Выбрать главу

На другой перемене он попытался вызвать Толика на разговор.

— Конечно! — говорил он громко, прохаживаясь вместе с Борисом вблизи от Толика, угрюмо сидевшего в одиночестве за партой и делавшего вид, что читает книжку. — Есть некоторые люди такие обидчивые, что из-за пустяка обижаются… Тут уж ничего не поделаешь… Если б они, конечно, из-за серьезного обижались, тогда — другое дело, тогда…

Толик шевельнулся, поднял голову и, кажется, хотел что-то возразить, но потом с самым неприступным видом опять уткнулся в книжку, даже губами начал шевелить, чтобы получше разобрать, что там написано…

— Конечно, — продолжал Вася, — если человеку хочется поссориться, то выискать какую-нибудь причину ничего не стоит.
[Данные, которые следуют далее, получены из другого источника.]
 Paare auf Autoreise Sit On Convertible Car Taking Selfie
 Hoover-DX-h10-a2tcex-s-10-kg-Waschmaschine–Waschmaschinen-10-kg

Придраться, например, к слову да и обижаться, сколько влезет… Другой, может, просто пошутил чего-нибудь, а тот сразу…

Но Толик сидел, как глухой. Даже достал тетрадку и начал что-то в ней чрезвычайно внимательно сравнивать с книжкой…

Тут Вася понял, что Толик обиделся всерьез…

Так они и мучились все перемены.

Когда два товарища поссорятся, то от этого для обоих получается много неудобств: чтоб лицом к лицу друг с другом не встречаться, друг мимо друга не ходить, не взглядывать — надо все время быть настороже. Если Вася находился в одном конце коридора, Толик оказывался в другом, хоть ему, может, и вовсе незачем там быть. Если Толик с одними ребятами разговаривает, то Васе, хочешь не хочешь, а нужно разговаривать с другими. Из-за этого и ребятам пришлось разделиться на две группы: одна — с Васей, другая — с Толиком, а общего разговора не получается. Только самые дотошные то и дело перебегали от одной группы к другой, чтоб и тут, и там поспеть!..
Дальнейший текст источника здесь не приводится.